Unusually advanced sexual awareness for a minor, and pre-dating by five years Carole King’s “I Feel the Earth Move,” where similar feelings for a loved one caused her to “lose control down to her very soul”!
According to author Walter Everett, “Pretty Ballerina” was one of the first pop songs to use the haunting Lydian mode in its melody (more specifically the acoustic scale), predating the Beatles’ Indian-inspired “Blue Jay Way,” and Donovan’s “Peregrine.”
So, even at 17, Brown is running compositional circles around the competition. They would catch up…eventually. It’s interesting to note, that unlike most songwriters, Brown didn’t sing lead, but added occasional harmony vocals on Left Banke songs (he did sing lead on “What Do You Know”).
Steve Martin Caro handled the lead chores on “Walk Away Renée” and “Pretty Ballerina,” while Brown played harpsichord. Dad, Harry, was co-producer on both hits.

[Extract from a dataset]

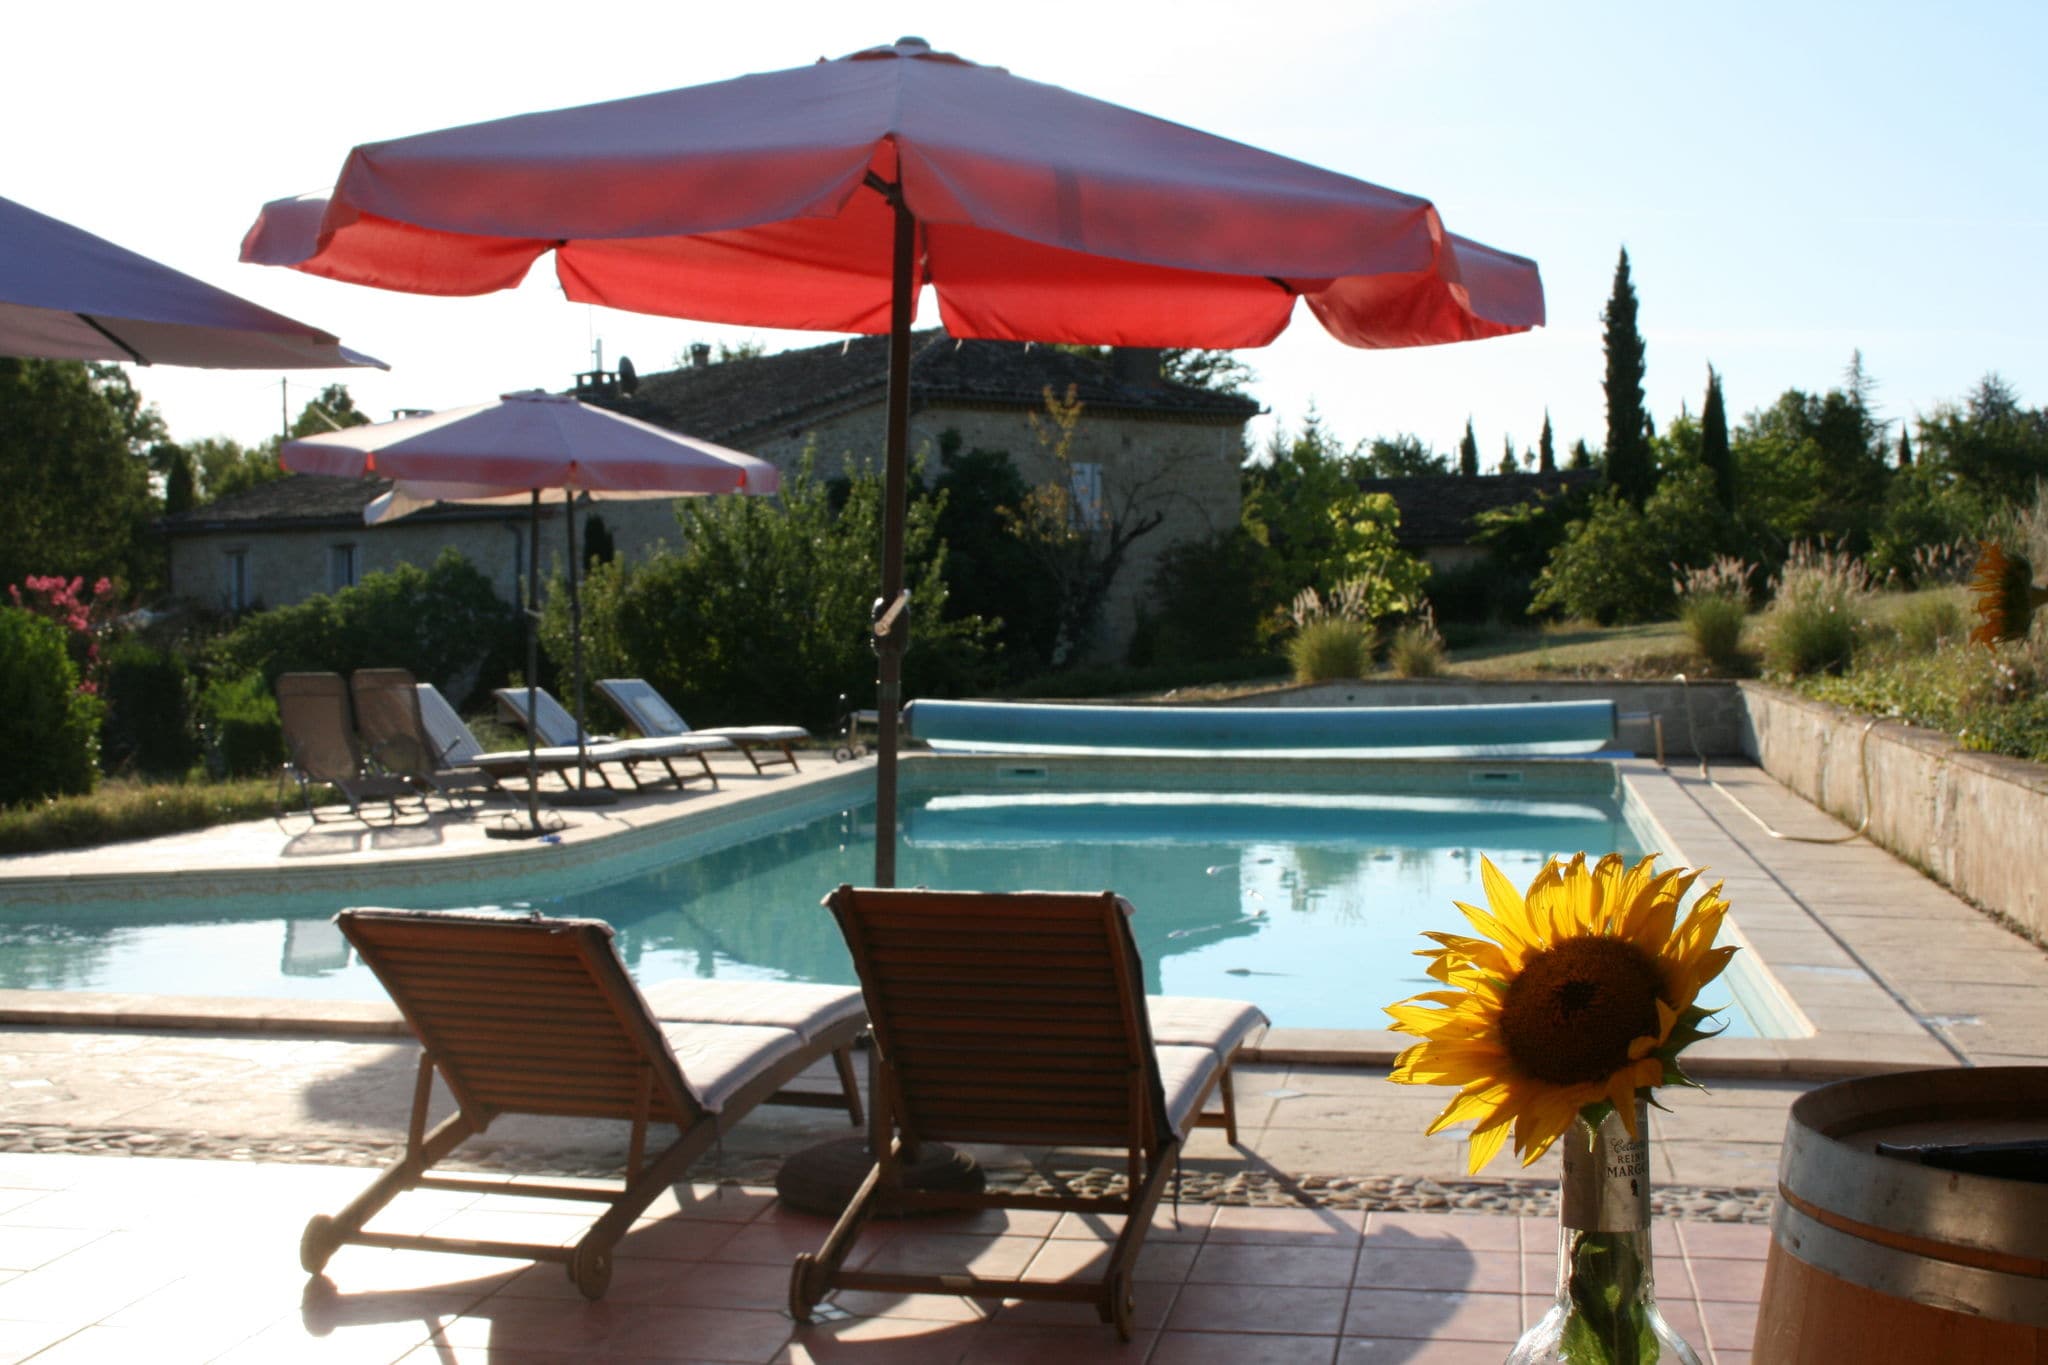 Mooie gite met zwembad in 250 jaar oude wijnboerderij, ideaal voor koppels!

Back to The Guardian’s Bob Stanley: “The writing and arrangements of Lookofsky and son could make your heart twist and snap: For example, there’s the moment on ‘Pretty Ballerina,’ as the middle eight begins, lurching into an unexpected minor key woodwind and string section”:
For those keeping score, Renée ended up becoming Renée Fladen-Kamm, a longtime west coast vocal coach, vocal director, and a highly-trained and skilled light lyric soprano, who has performed not only early music, but opera as well.
At some point in their career, I suppose this was inevitable, a Brown-penned Coke radio jingle:
A thorough “Band History” video look at The Left Banke, as well as every band Michael Brown was in, except The Beckies! Not to worry: I let the video creator know about that grand omission in his comment section!👇
Essentially a Left Banke effort in everything but name, “Two by Two (I’m Losing You)” was a single attributed to Steve Martin Caro, with Brown writing and producing on Buddah Records in 1971.

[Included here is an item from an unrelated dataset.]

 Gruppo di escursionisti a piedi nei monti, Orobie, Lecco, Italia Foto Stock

This song, plus “Love Songs in the Night” made it onto the soundtrack album of a little-seen documentary, Hot Parts. Here, Brown’s signature plaintive melody, and yearning chord structures combine with gorgeous harmonies on this ballad beautifully sung by Caro, pictured here in red.
Between The Left Banke and The Beckies, Brown was involved with Montage (1968, Laurie Records, mainly songwriting, and not officially a performing member) and Stories (with Ian Lloyd, 1972-74, Kama Sutra Records). Stories, of course, had a hit with Hot Chocolate’s “Brother Louie,” but by then, Brown had split.
“The music on The Beckies is pure power pop,” says Peter Marston of PopGeekHeaven in 2013, and I certainly can’t disagree. In fact, on my Mt. Rushmore of power pop, I’d place The Raspberries, Cheap Trick, Jellyfish, and The Beckies.
“Some of the baroque-pop flourishes remain,” Marston continues, “especially and predictably in the keyboard arrangements, and there are occasional string passages as well. More typical, though, are crunchy guitar chords, energetic drumming and soaring vocal hooks.”
Interestingly enough, at least three more songs were recorded for the album, but none made the final track listing. These outtakes are: “The Story,” “Blue Monday,” and “She Wrote a Song.”
45 years in the making, here’s Michael Brown, at 62 (far right foreground in thumbnail), performing “Pretty Ballerina” with Tom Finn, George Cameron, and an updated Left Banke in 2012!👇
Having passed in 2015, Michael Brown (pictured above, right, in 2014 with musician friend, Les Fradkin) is survived by his wife, Yvonne, and twin sons Skylar and Adrian, now 24.
Pure gold, Brad - I remember these songs when I was growing up - less popular with the crowd I hung out with, but I always loved the sound - different from most of the other stuff on AM radio and cool because of it
Great piece, Brad. I thoroughly enjoyed reading it. Made me want to hear these songs again, which I always think is the goal of writing about music.